Everyone experiences depression differently. When it was at its worst for me, I felt constant, intense mental pain and a feeling of being completely enveloped by darkness. I was always in a state of emotional distress. I couldn’t handle completing simple daily tasks without my pain being intensified, but I had 4 children including a new baby to care for, so I needed to figure out how to keep going as best I could.

Little by little I learned some things that helped me get through my pain. I hope these ideas will help someone else:

1. Strip life’s tasks down to the bare minimum, focus on your “core” needs, and drop everything else from your life.  In other words, shift into survival mode.  

As a mom, this was hard for me to wrap my head around simply because it required me to make a paradigm shift. To go from doing as much as I could in a day to as little as possible just felt wrong. But I had no choice. It was essential for my survival.

To do this I came up with a short list of things I needed to do for myself each day that were essential for my well-being, physically, emotionally, and spiritually. I made the same type of list for my family as a whole.  I also determined what the bare minimum was where daily essential tasks was concerned. Then, I did my best thing only do those things and nothing else. Doing those essential tasks, and meeting my core needs was plenty. Anything extra, I simply just didn’t do at all during that time.  This meant I had to stop doing some things. I also had to say no to some people when they approached me for help or to take part in extra “things.”

So, if you think this might help you, try making a list of your core needs and bare minimum essential tasks. Only do those core and essential items. As you start to feel better, add other tasks, but do so with care so as not to overload yourself. Whenever possible, simplify essential tasks so that they are easier to complete–for example, instead of grocery shopping the traditional way, consider, grocery pickup or delivery.  If keeping things clean is a challenge, like it was for me, consider having a friend help you get rid of excess possessions to simplify your life.

2. Medication, and regular visits to my psychiatrist. Even with my intense symptoms I was really nervous to go back on medication. I was all mixed up and couldn’t think straight. I knew I needed to do something though so I took a leap of faith and just decided to go in to a psychiatrist and try out what they prescribed. I am so glad I did. I started feeling improvement very quickly. This helped me to know I was on the right path. If you are considering medication, I recommend trying it. But definitely use a psychiatrist whenever possible as they are experts in the field of mental health and will have prescription options available that PCPs generally are not comfortable utilizing.

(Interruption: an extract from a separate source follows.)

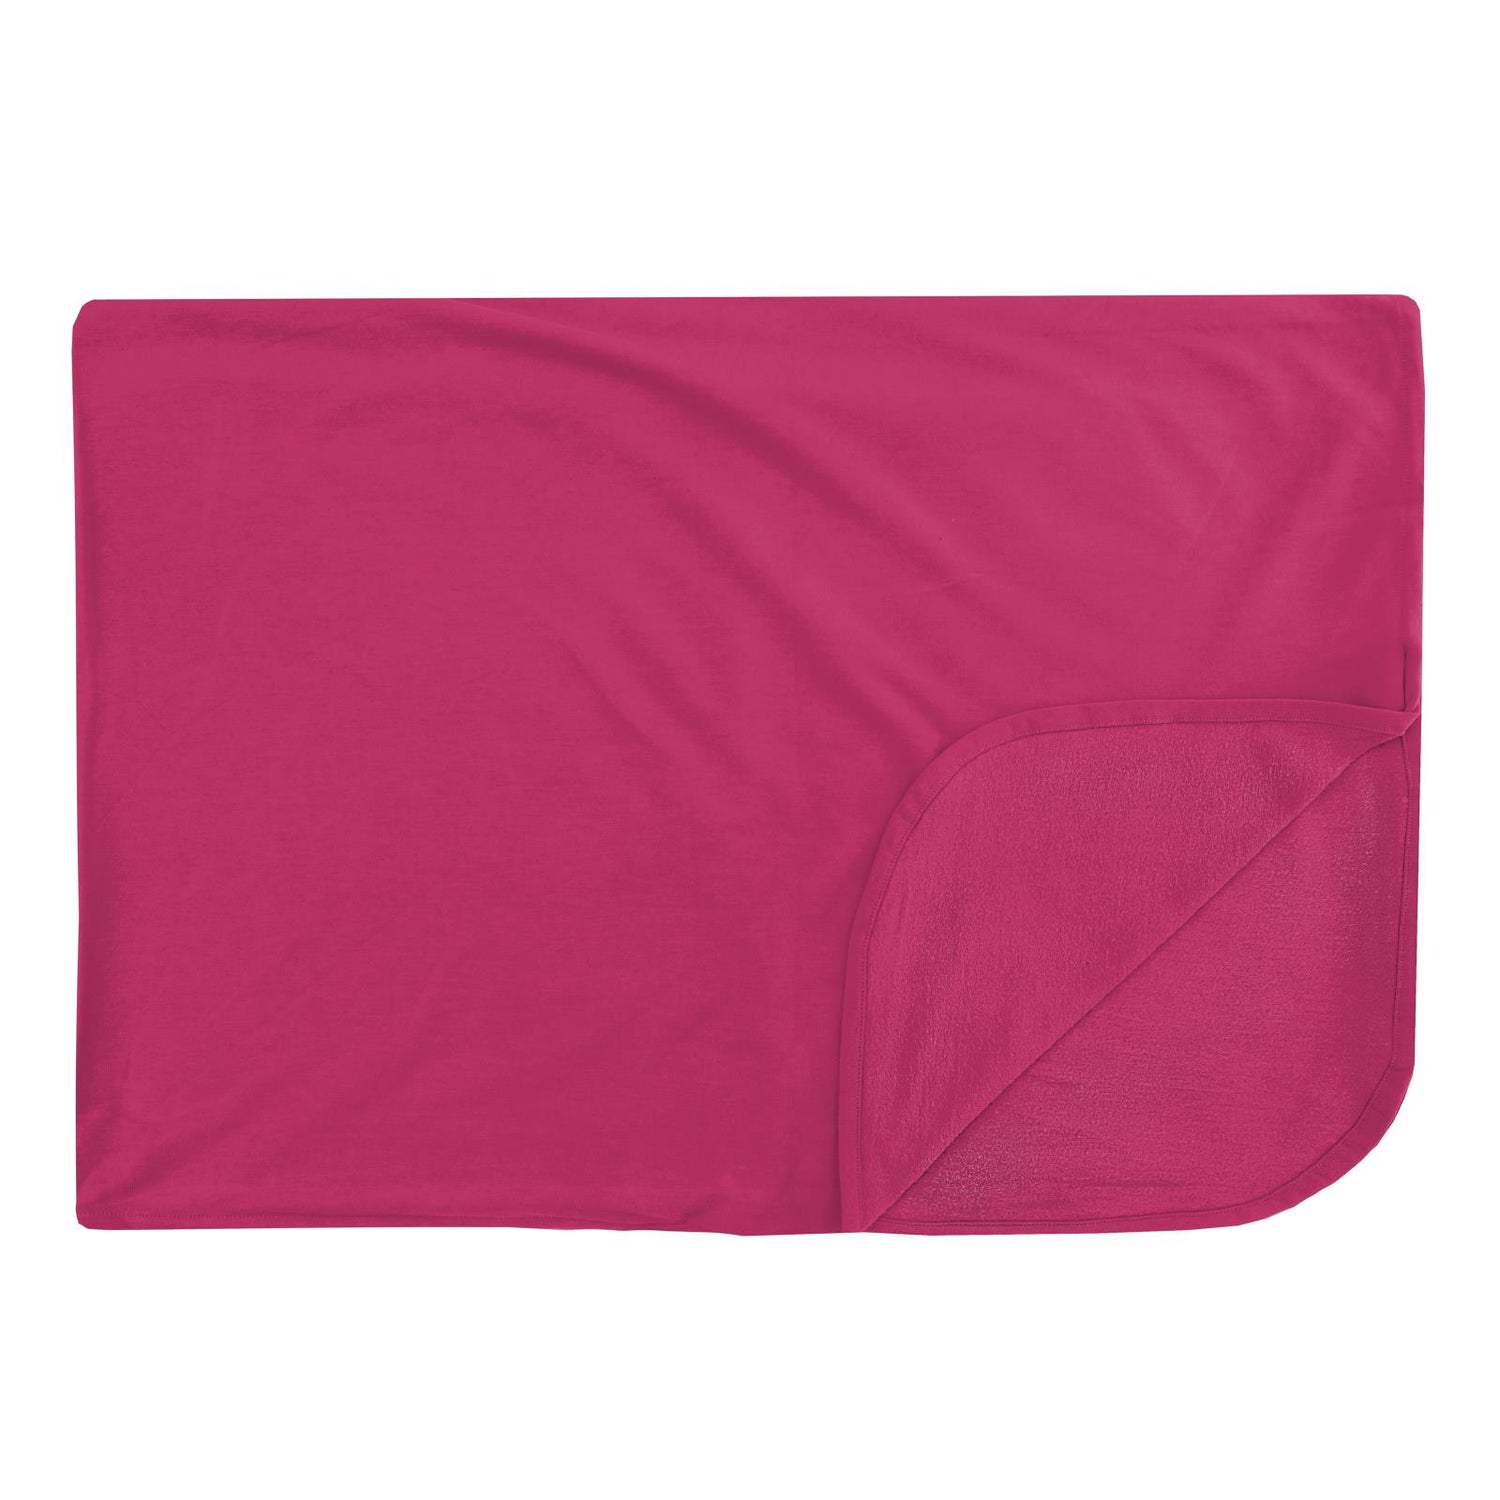 Fleece Throw Blanket in Prickly Pear

3. Make sleep a priority.  And not only that, but learn how you can help yourself sleep better.  Personally, my pain was at it’s worst at night, so I often found it very difficult to fall asleep.  The following things helped me:

  • Having a relaxing bedtime routine.
  • Turning out the lights an hour or so before you get ready to turn in.  Darkness signals the brain to produce melatonin, which relaxes the body for sleep.  Avoiding light, even from a screen, will aid in melatonin production.  If you must see, try using a red head lamp.  Red light will not inhibit melatonin production and may even increase it!   You can read about that here.
  • Go to bed while you are feeling relaxed and sleepy.  This usually happened for me at some point every evening.  If I pushed myself to stay awake past this point, I would miss my window of opportunity.  My pain would then come with a vengeance when I finally tried to go to bed.  So, really tune in to your body.  When you are feeling ready to go to bed, do it.
  • Make your bedroom a sanctuary by keeping it clean and reserving your bed for sleep and sex only.  This helps your brain associate being in bed with relaxing and will aid you in your quest for better sleep.
  • If, despite your best efforts you are unable to get sufficient sleep, consider speaking with your doctor about a prescription sleep aid, or even trying over the counter options.  Sleeping well helped alleviate my symptoms.  Sleeping poorly exasperated them.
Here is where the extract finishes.